• [YOUR TASK]:
Retype all data exactly as given. Pictures should not be retyped.

• [PROVIDED MATERIAL]:
======

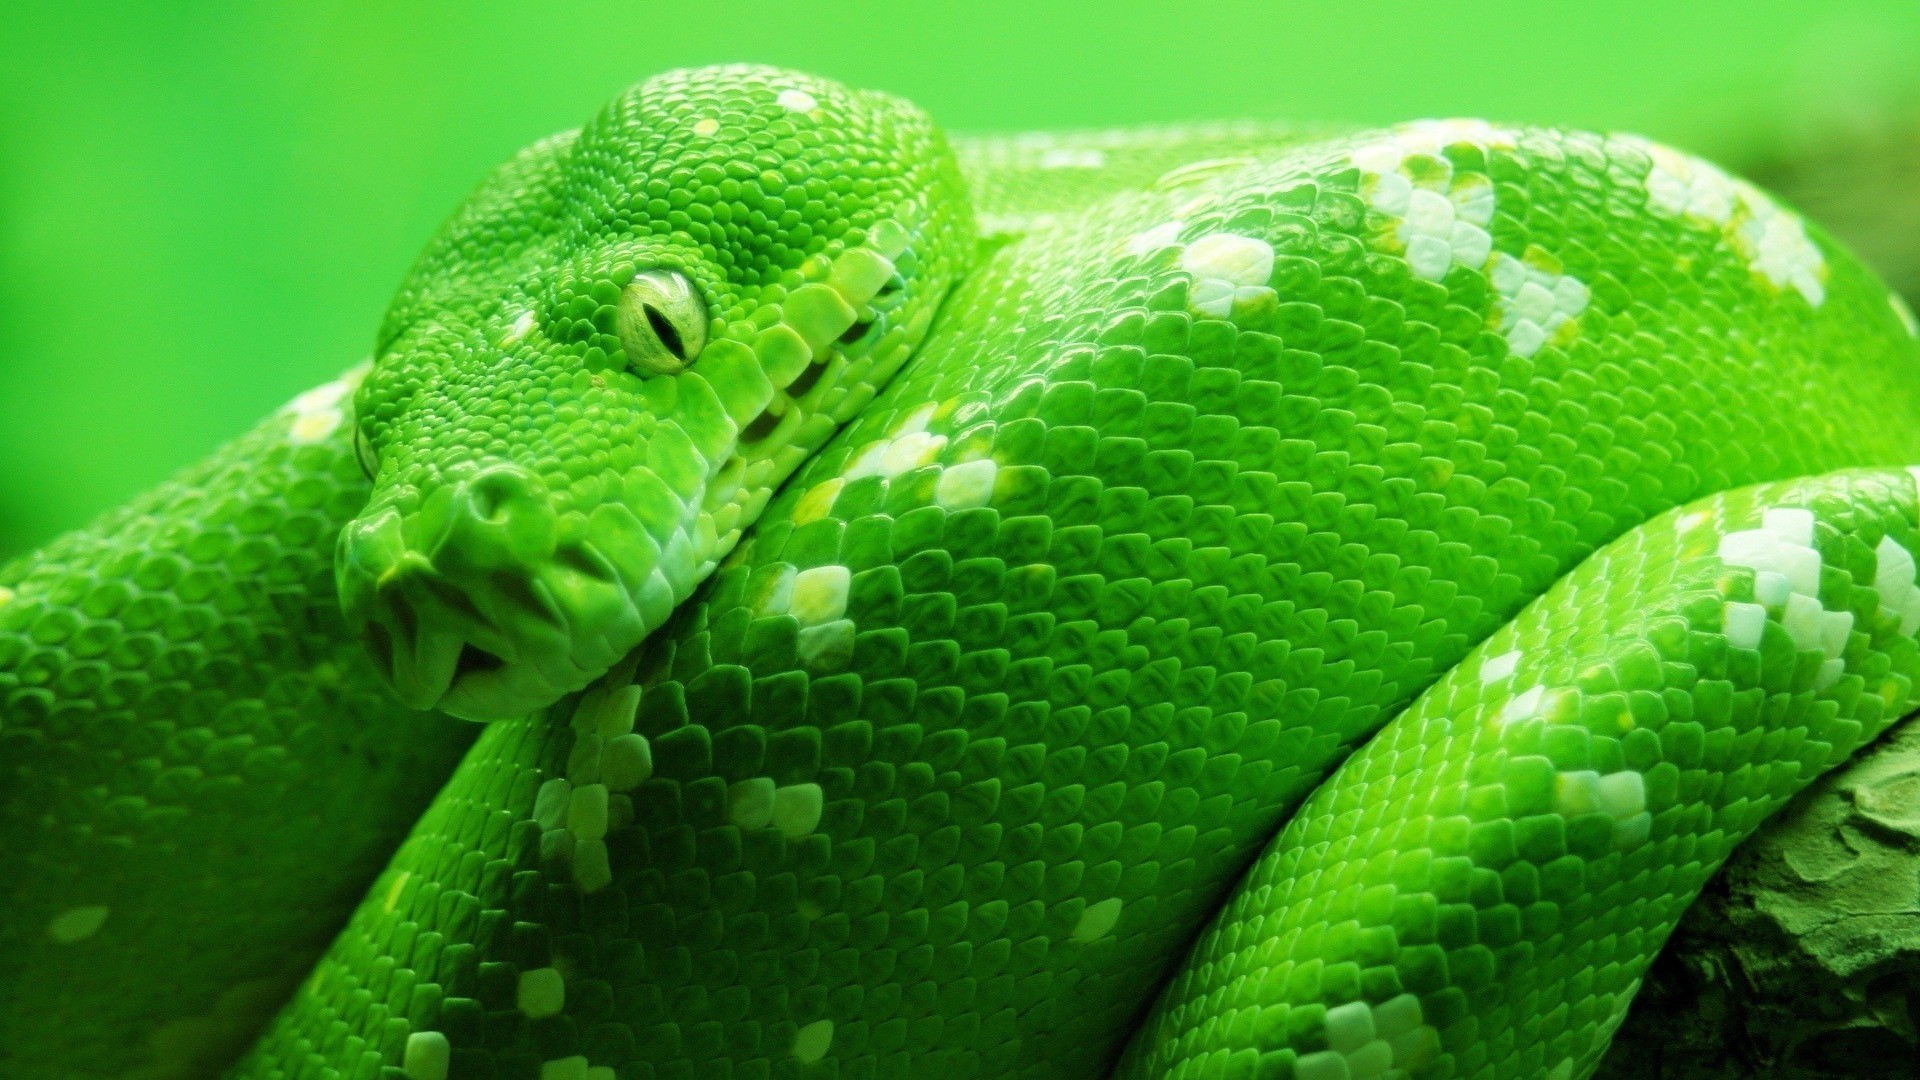 Download Green snake wallpaper
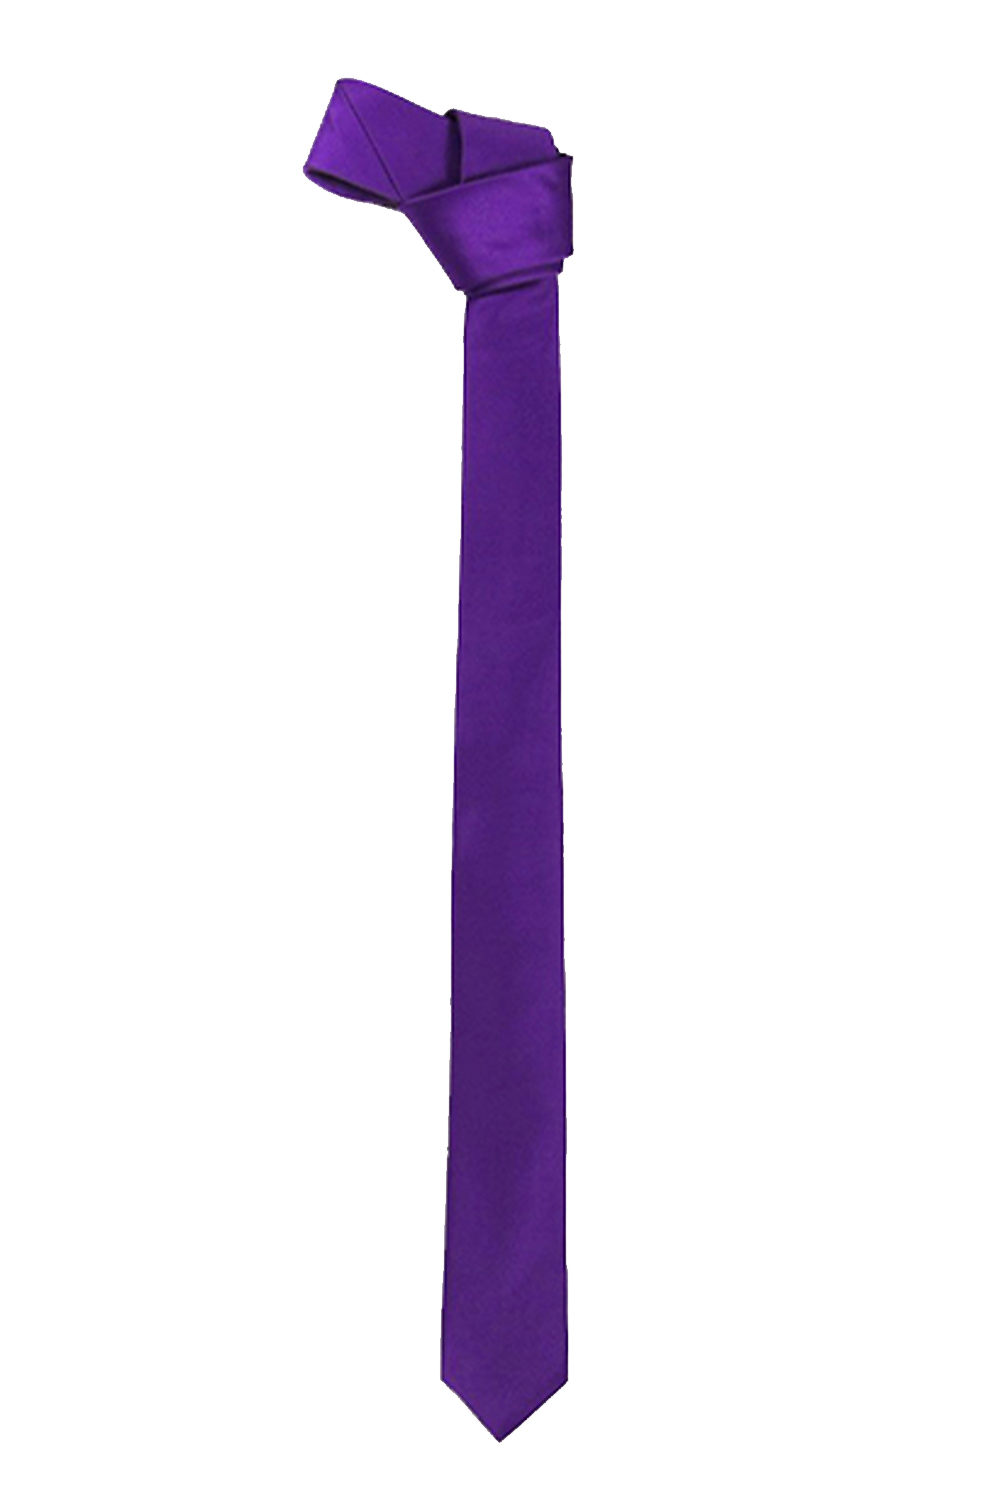 Satin Plain Purple Neck Tie
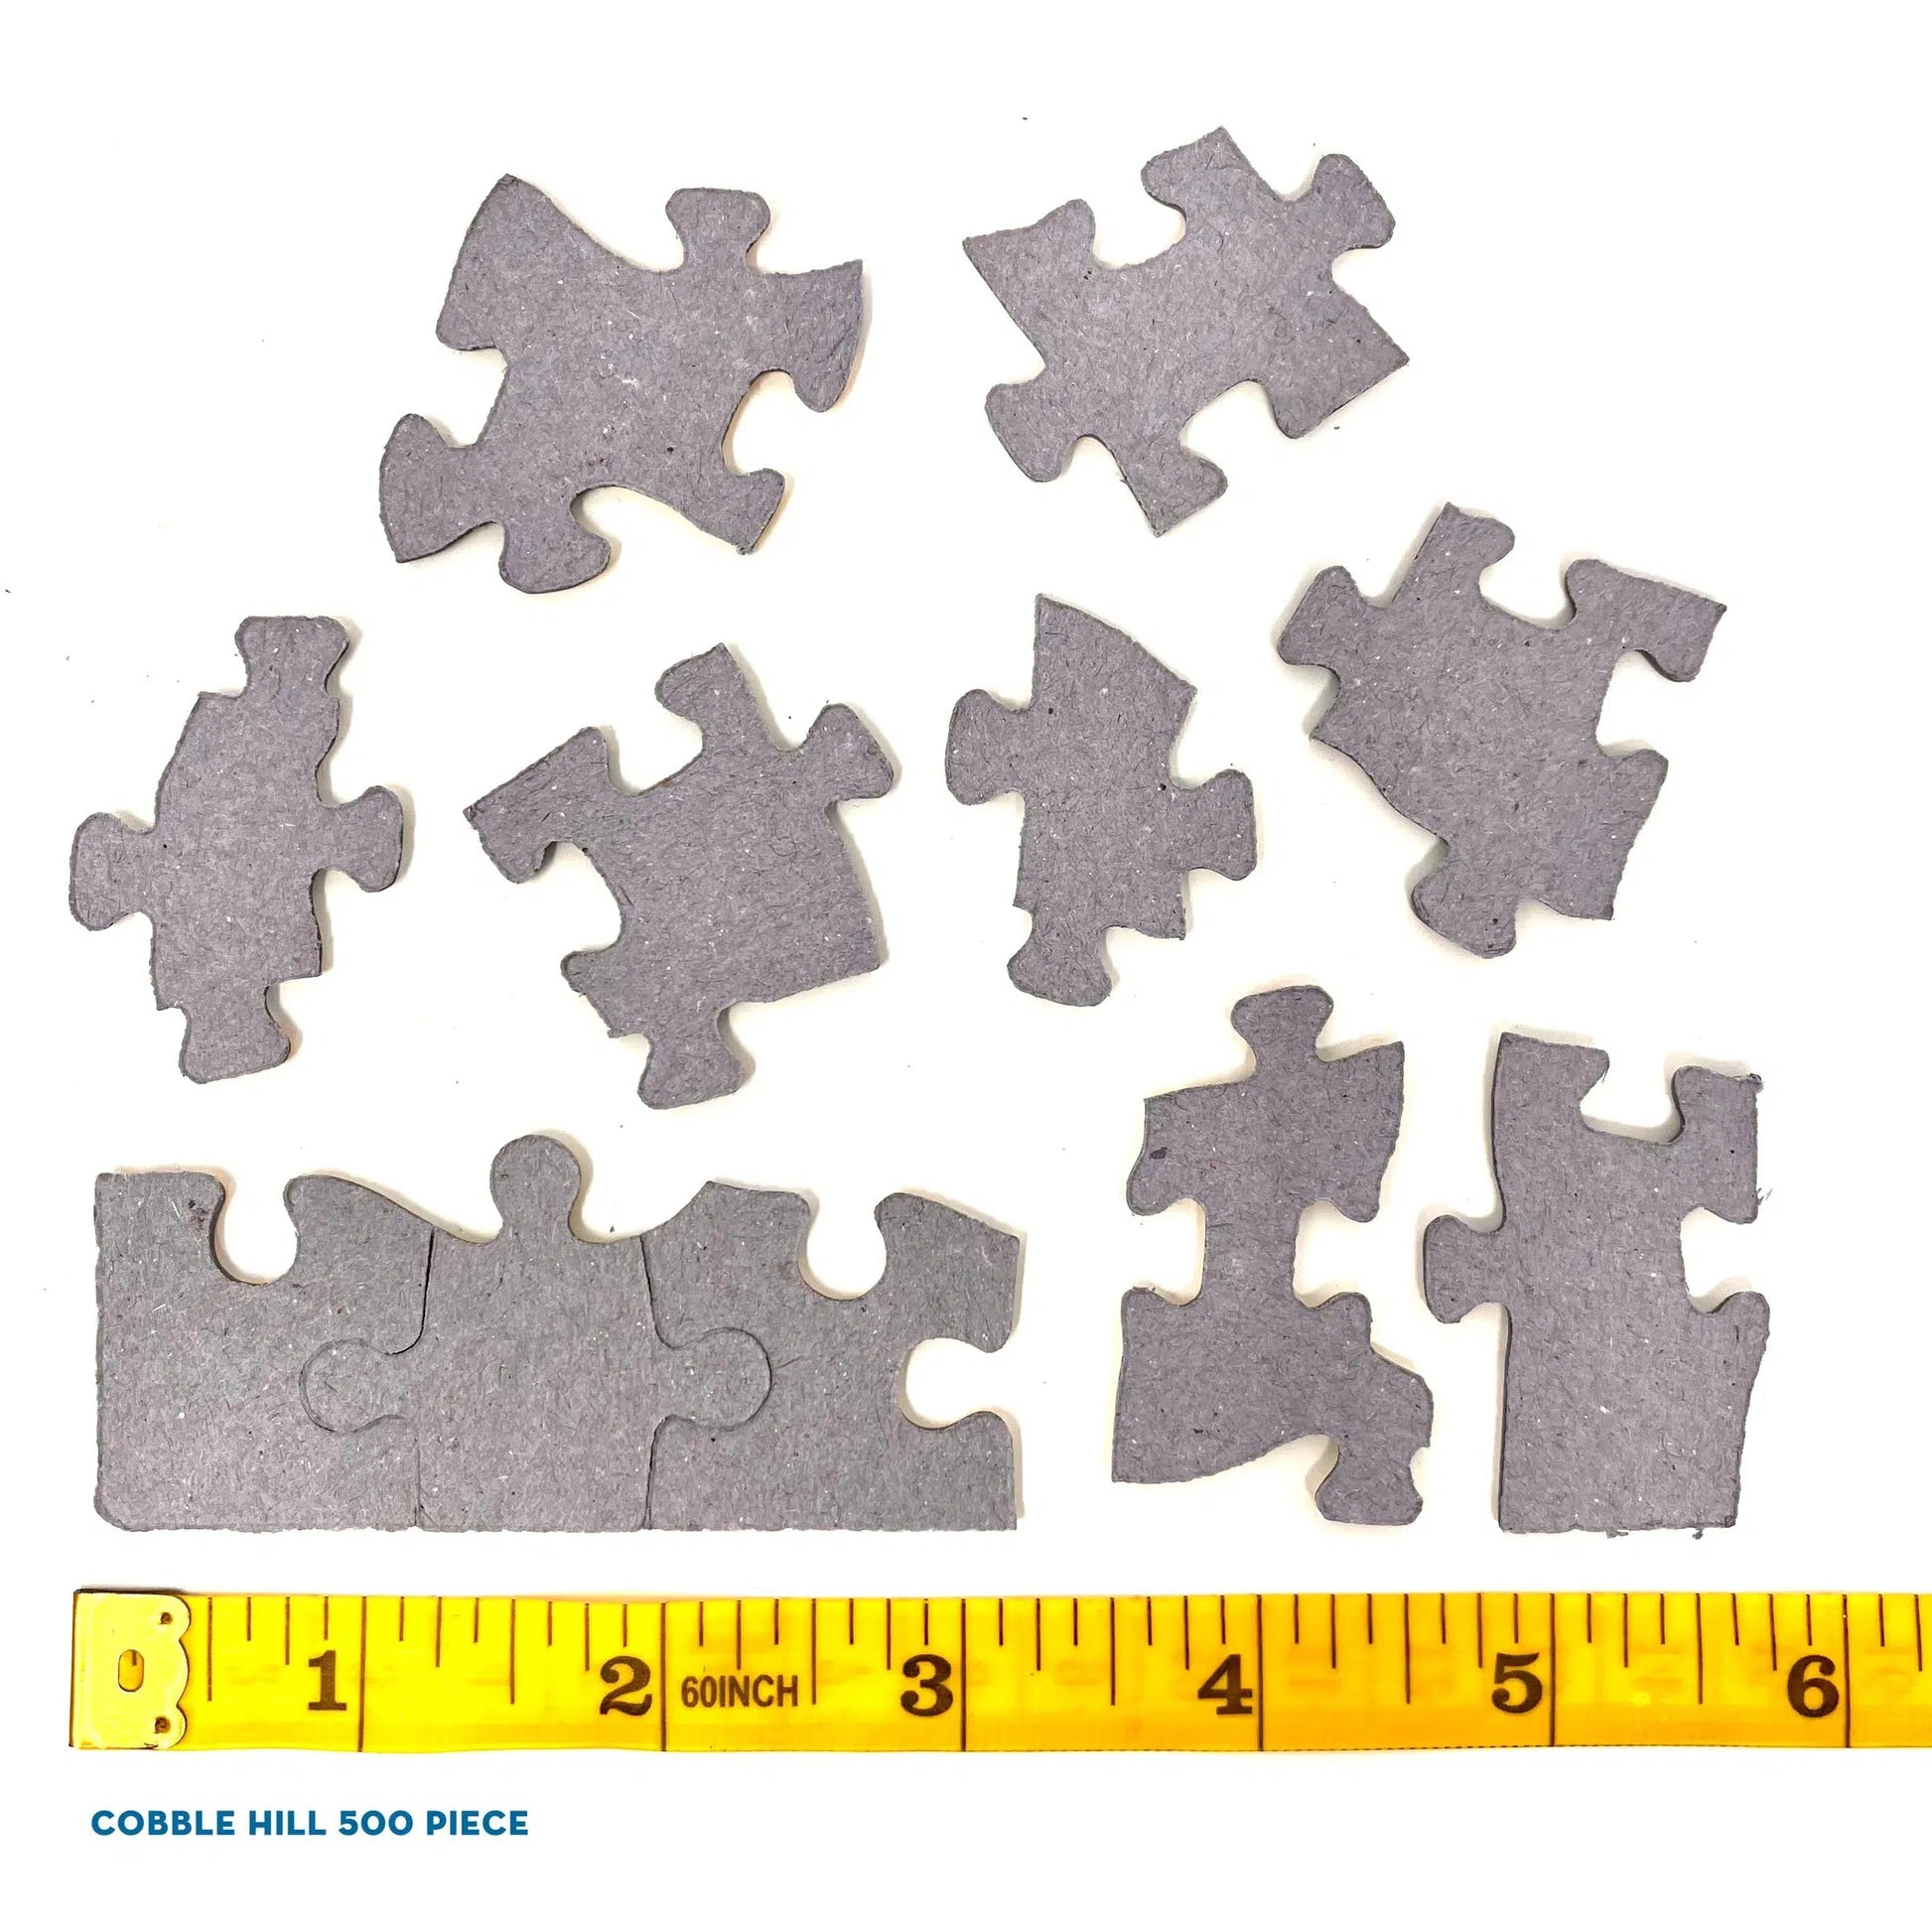 Libra 500 Piece Jigsaw Puzzle Cobble Hill

======

• [SOLUTION FOR THIS PROBLEM]:
 Download Green snake wallpaper
 Satin Plain Purple Neck Tie
 Libra 500 Piece Jigsaw Puzzle Cobble Hill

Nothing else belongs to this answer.